- _Source data_:
━━━━━━━━━━━━━━━━━━━━

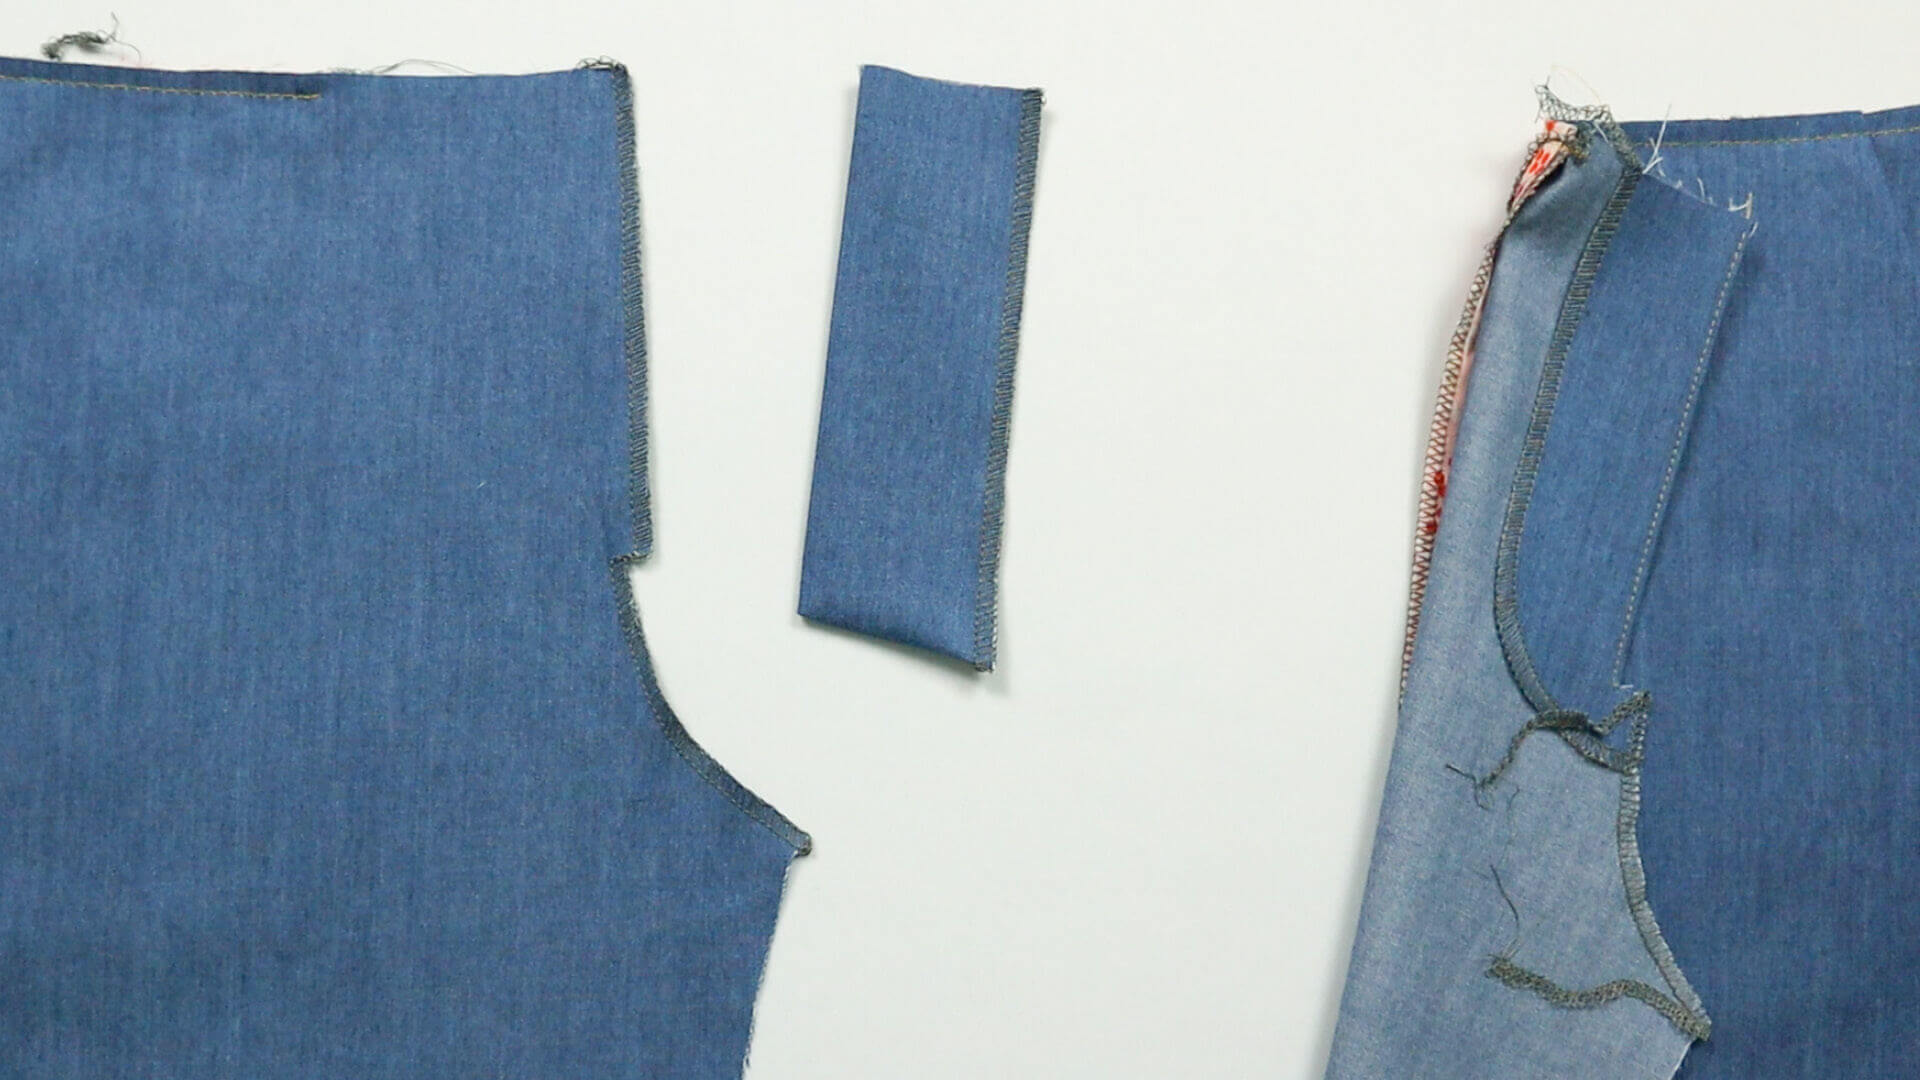 Hosenschlitz mit Reißverschluss selber nähen- mittels Overlock versäuberte Schnittkanten
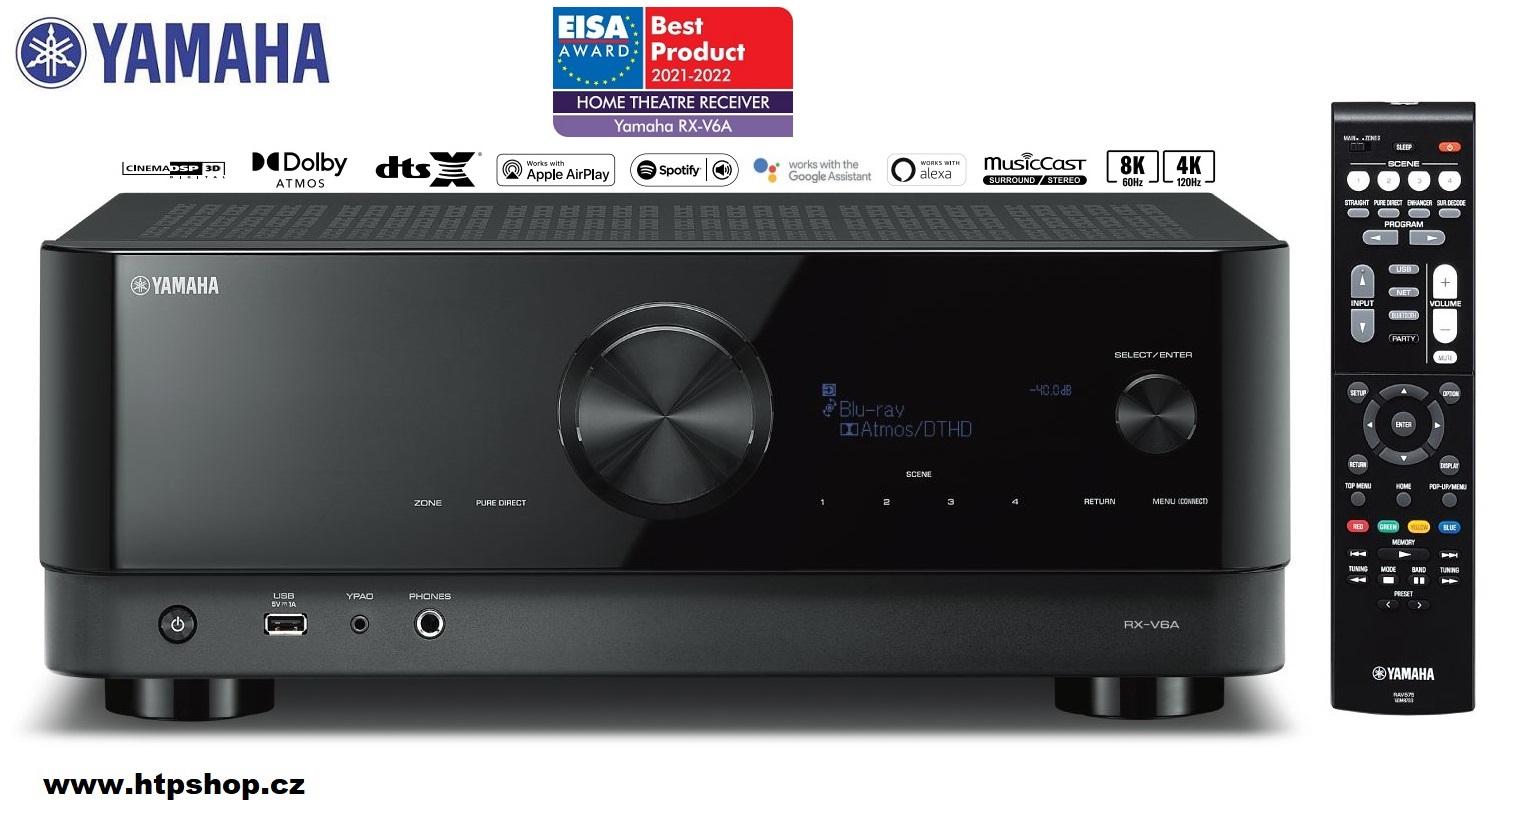 Yamaha RX-V6A - oceněno jako výrobek roku EISA AWARD 2021-2022 v kategorii Home Theatre Receiver
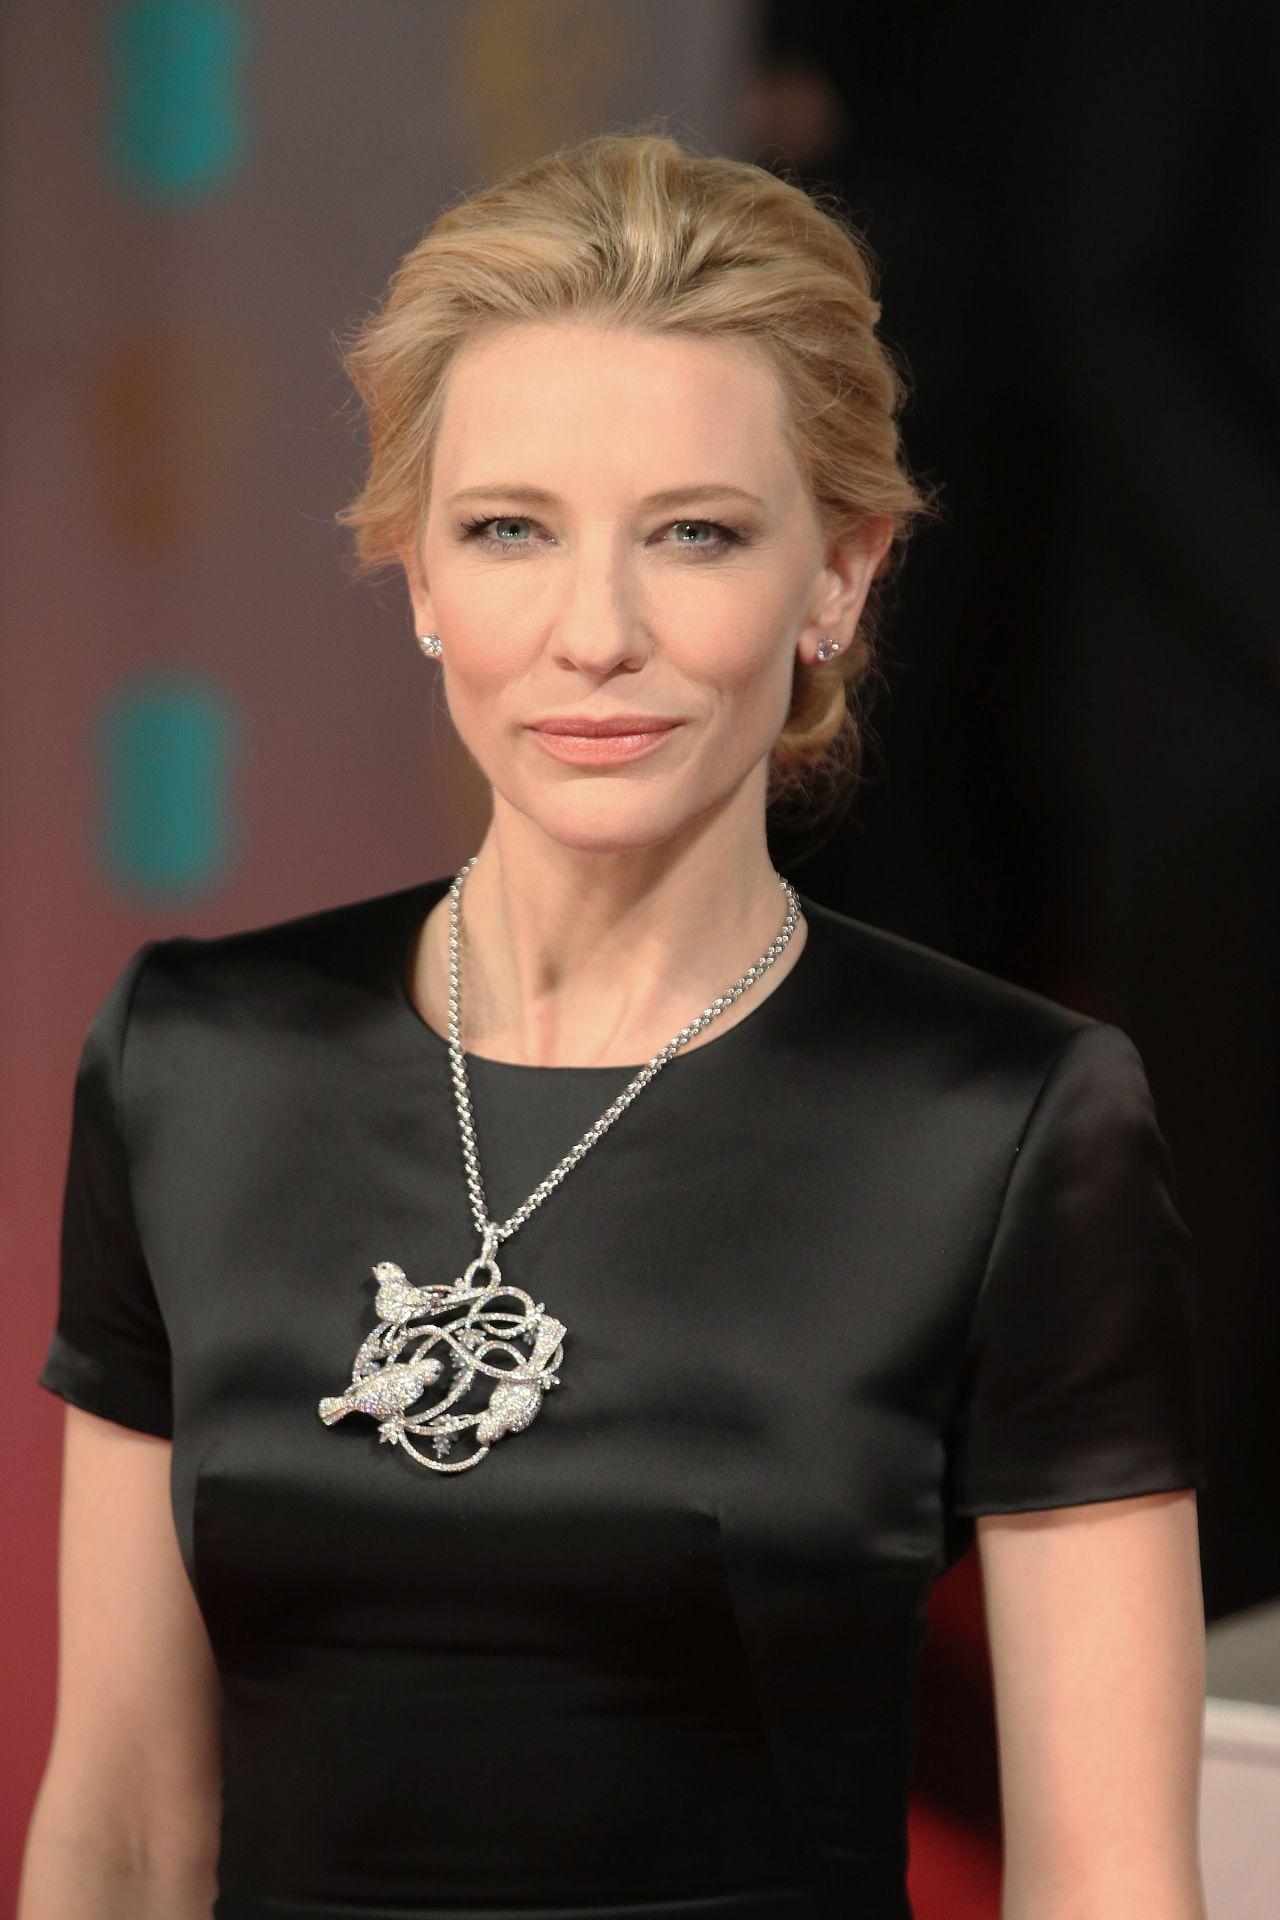 Cate Blanchett Wearing Alexander Mcqueen 2014 Bafta Awards

━━━━━━━━━━━━━━━━━━━━

- _What to work on_:
Repeat the listing word for word, omitting the pictures.

- _Result below_:
 Hosenschlitz mit Reißverschluss selber nähen- mittels Overlock versäuberte Schnittkanten
 Yamaha RX-V6A - oceněno jako výrobek roku EISA AWARD 2021-2022 v kategorii Home Theatre Receiver
 Cate Blanchett Wearing Alexander Mcqueen 2014 Bafta Awards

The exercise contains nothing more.